Publié le 21 mai 2021

ENVIRONNEMENT

Le plus grand iceberg au monde se détache de l’Antarctique

170 km de long, 25 km de large, 4 320 km²... L'iceberg A-76, le plus gros au monde, vient de se séparer de la barrière de glace de Ronne, un de ces rebords massifs de la calotte glaciaire qui s'étendent sur la mer. Si ce processus est naturel, avec le réchauffement climatique, ce phénomène tend à s'accélérer et menace dangereusement la hausse du niveau des mers. 

Copernicus A 76 iceberg
L'iceberg A-76 a une surface équivalente à la moitié de la Corse.
Copernicus

Lentement mais sûrement, la calotte glaciaire de l’Antarctique se délite. Et ce 20 mai, c’est l’A-76, un énorme bloc de glace qui vient de se séparer de la barrière de glace de Ronne. Avec ses 170 km de long sur 25 km de large pour une surface totale de 4 320 km², l’A-76 est désormais le plus gros iceberg au monde. Sa surface est équivalente à quatre fois la taille de New York. 

Mais si A-76 est aujourd'hui le plus gros, "il n'entrerait pas dans le top 10 des plus gros icebergs de tous les temps", explique à l'AFP Alex Brisbourne, glaciologue au British Antarctic Survey (BAS), organisme de recherches britannique qui l'avait repéré initialement. Par exemple, en 2017, A68, un des plus gros icebergs jamais vus, de 5 800 km2, épais de 350 mètres et pesant mille milliards de tonnes, avait attiré l'attention des scientifiques et des médias en se détachant d'une autre partie de l'Ouest de l'Antarctique, la barrière de glace de Larsen, à la pointe de la péninsule. 

La formation des icebergs, blocs de glace d'eau douce issus de la fragmentation d'un glacier continental ayant atteint le littoral, est un processus naturel mais le phénomène a tendance à s’accélérer avec le changement climatique. "Nous savons que l'océan autour de l'Antarctique se réchauffe en raison du réchauffement climatique, mais la mer de Weddell, où se trouve l'iceberg A76, ne subit pas ce réchauffement en ce moment", renchérit Alex Brisbourne, estimant par exemple que des glaciers dans d'autres parties de l'Antarctique, comme celui de Thwaites, en sont eux victimes, accélérant la décharge de la glace vers la mer. 
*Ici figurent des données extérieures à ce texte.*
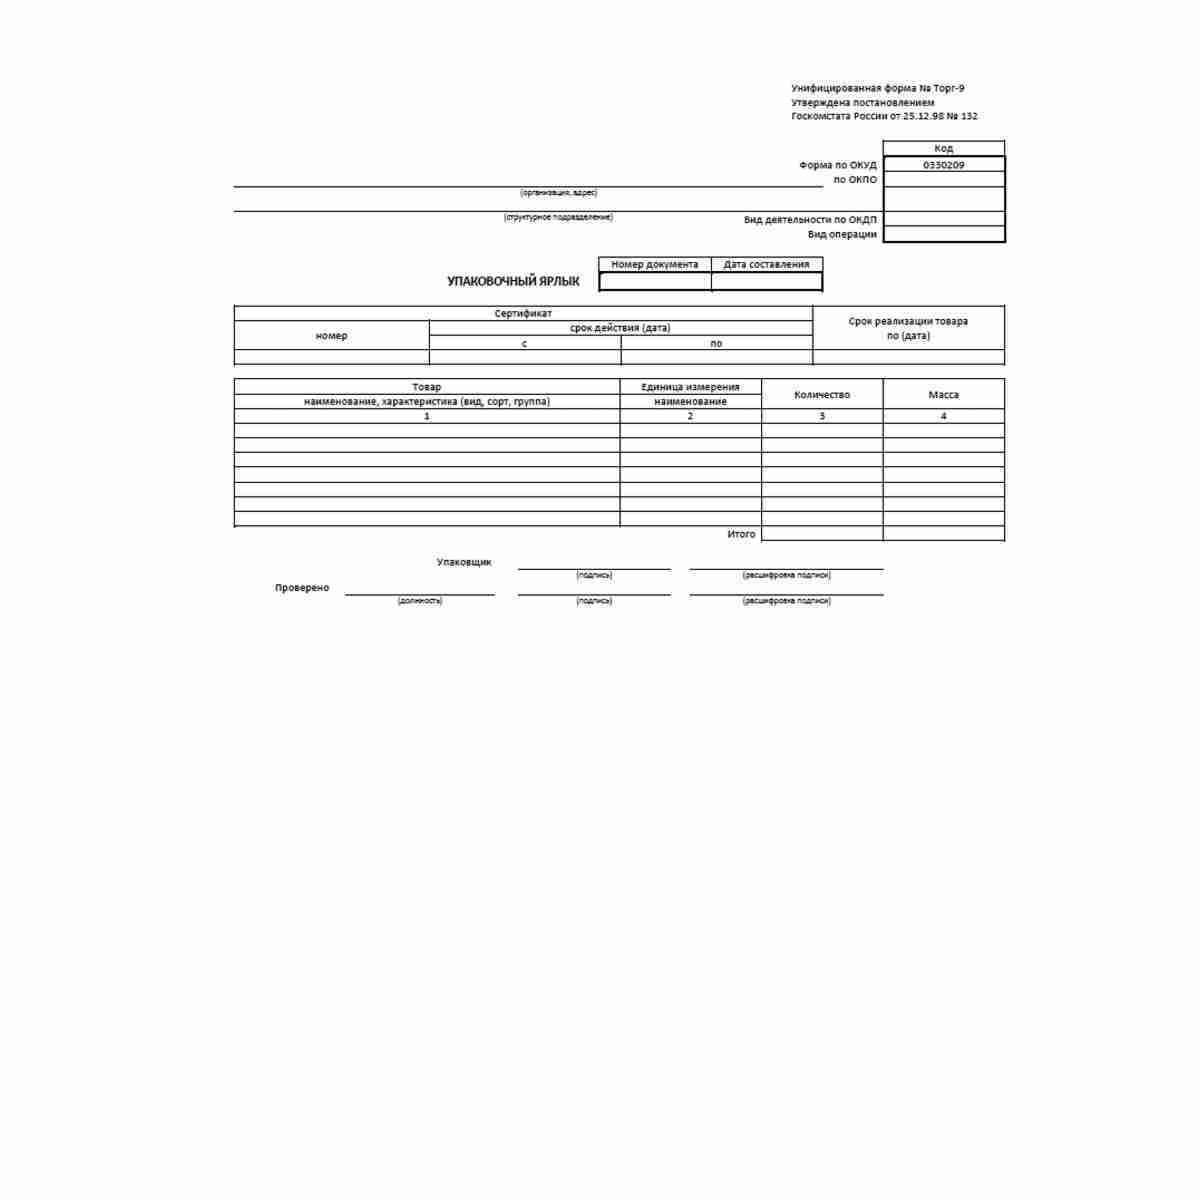 """Унифицированная форма первичной учетной документации №ТОРГ-9 """"Упаковочный ярлык"""" (ОКУД 0330209)"""
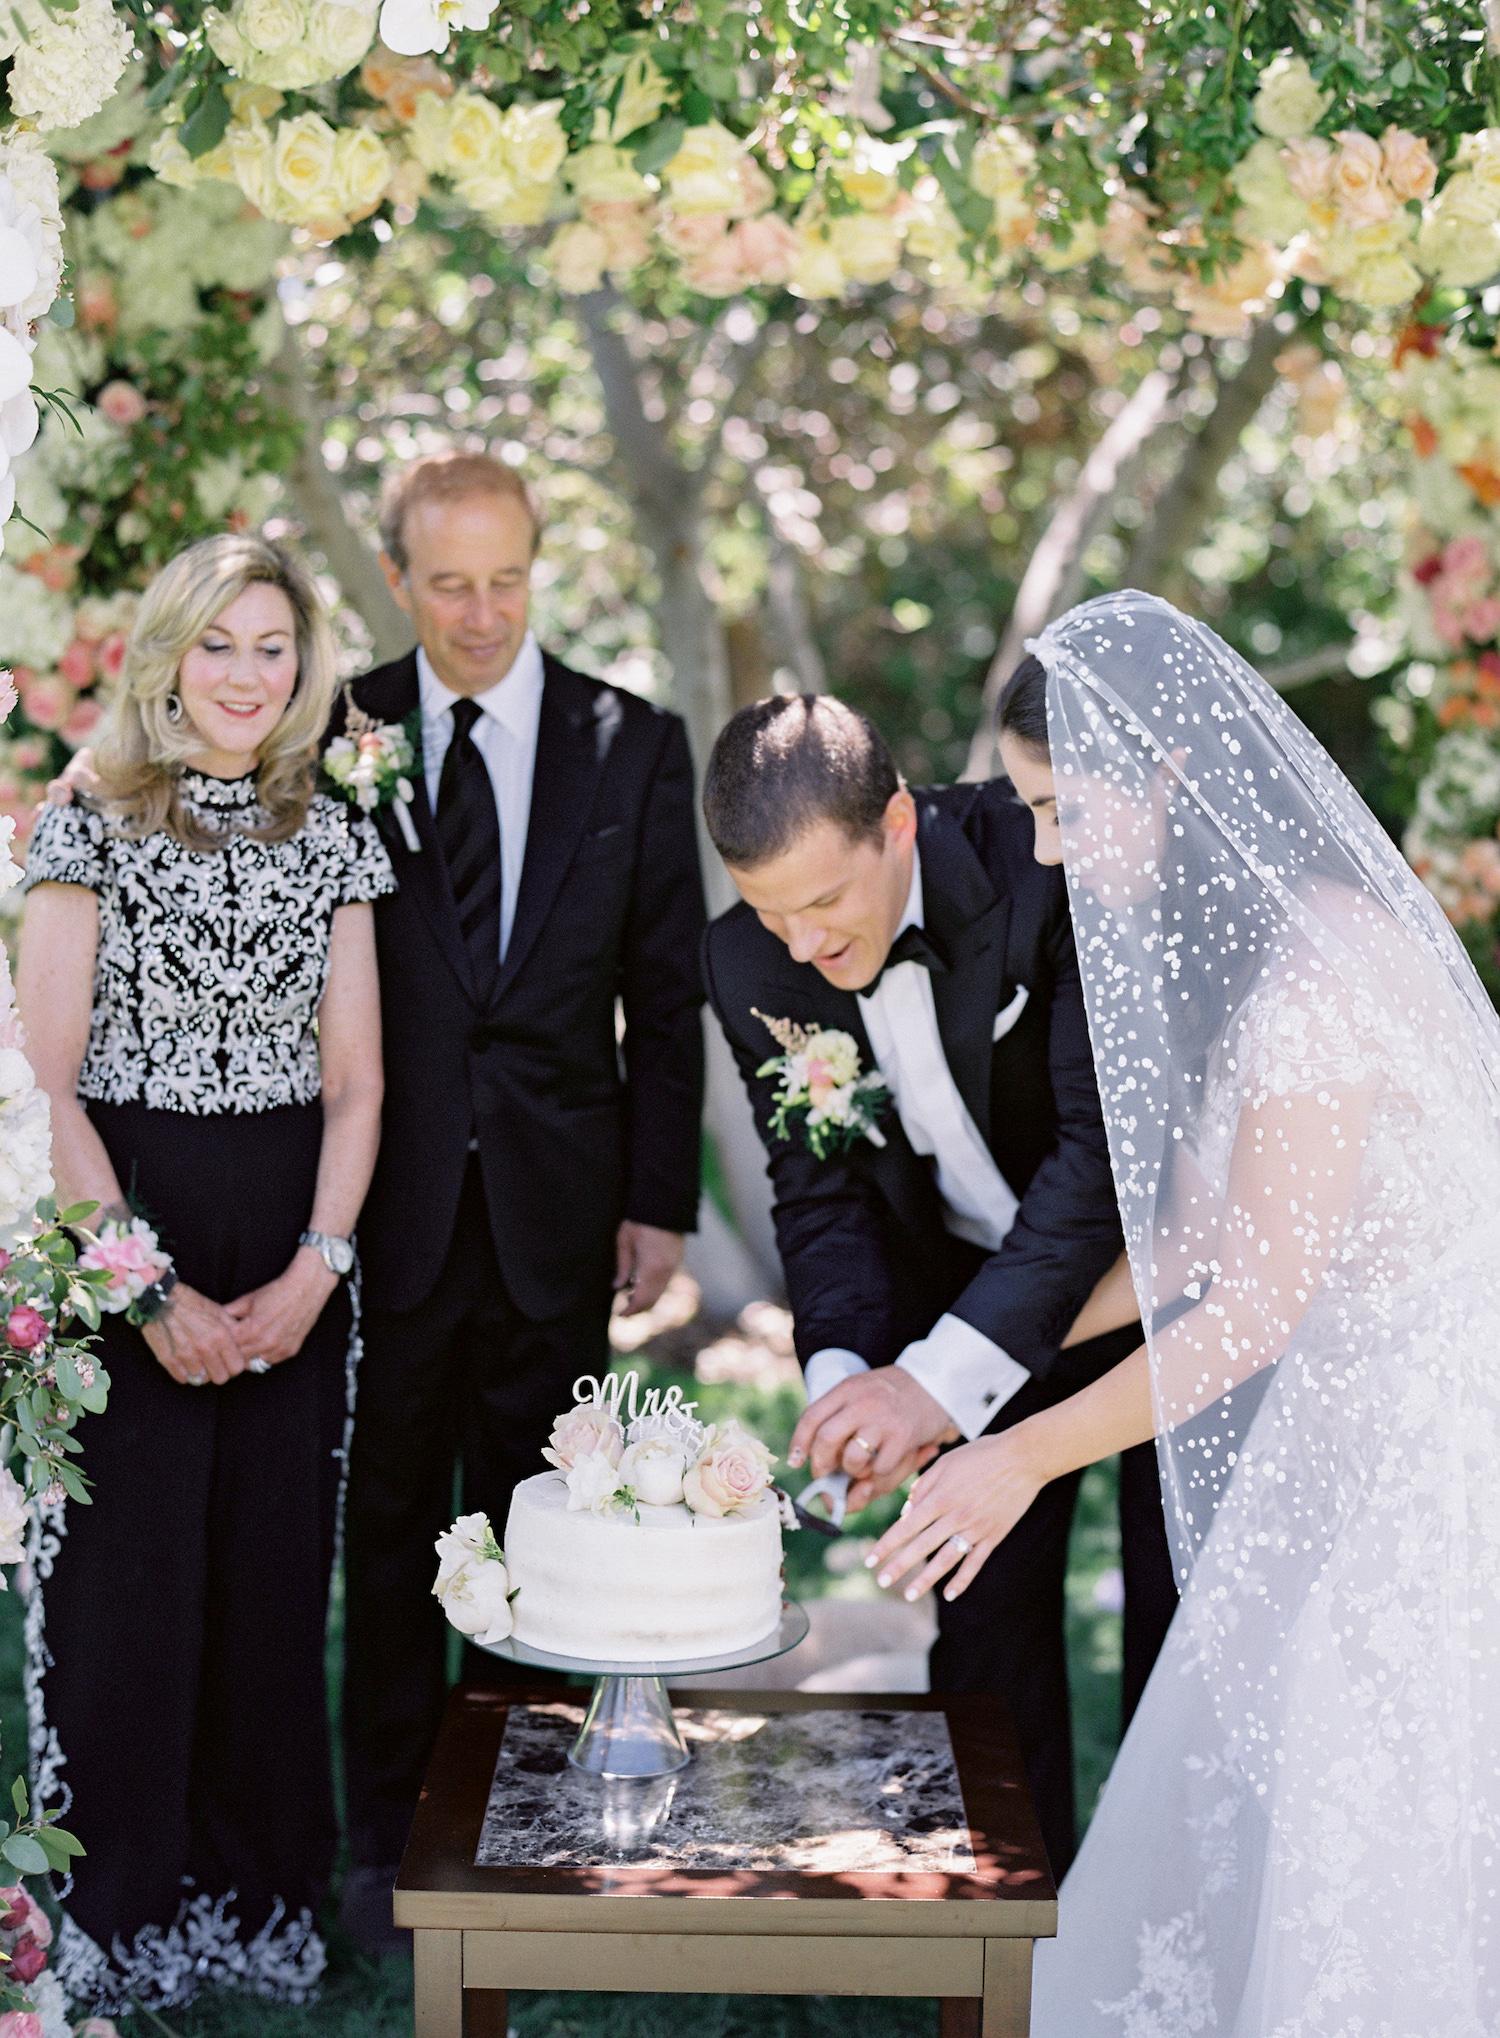 micro-wedding-cutting-the-cake

Bientôt le point de non-retour

La planète a déjà gagné plus de 1°C depuis l'ère préindustrielle à cause de l'augmentation des émissions de gaz à effet de serre provoqués par les activités humaines. Mais l'Antarctique se réchauffe deux fois plus vite. Et cela pourrait avoir un impact sur les niveaux des mers. "Ce qui nous inquiète ce sont ces plateformes de glace qui freinent l’écoulement des glaciers", explique France Info le climatologue Jean Jouzel. "Si elles s’amincissent et s’affaiblissent, cela facilement l’écoulement du niveau de la mer", ajoute-t-il. 

L’Antarctique est une zone particulièrement à risque. Deux récentes études, explorant les risques de montée du niveau de la mer liée à la fonte des glaciers, tirent la sonnette d’alarme. Selon elles, l’Antarctique pourrait bientôt avoir atteint un point de non-retour. Une des études, menées par des chercheurs de l’université du Massachusetts fixe ce dernier à 2060 avec des "conséquences irréversibles" sur plusieurs siècles.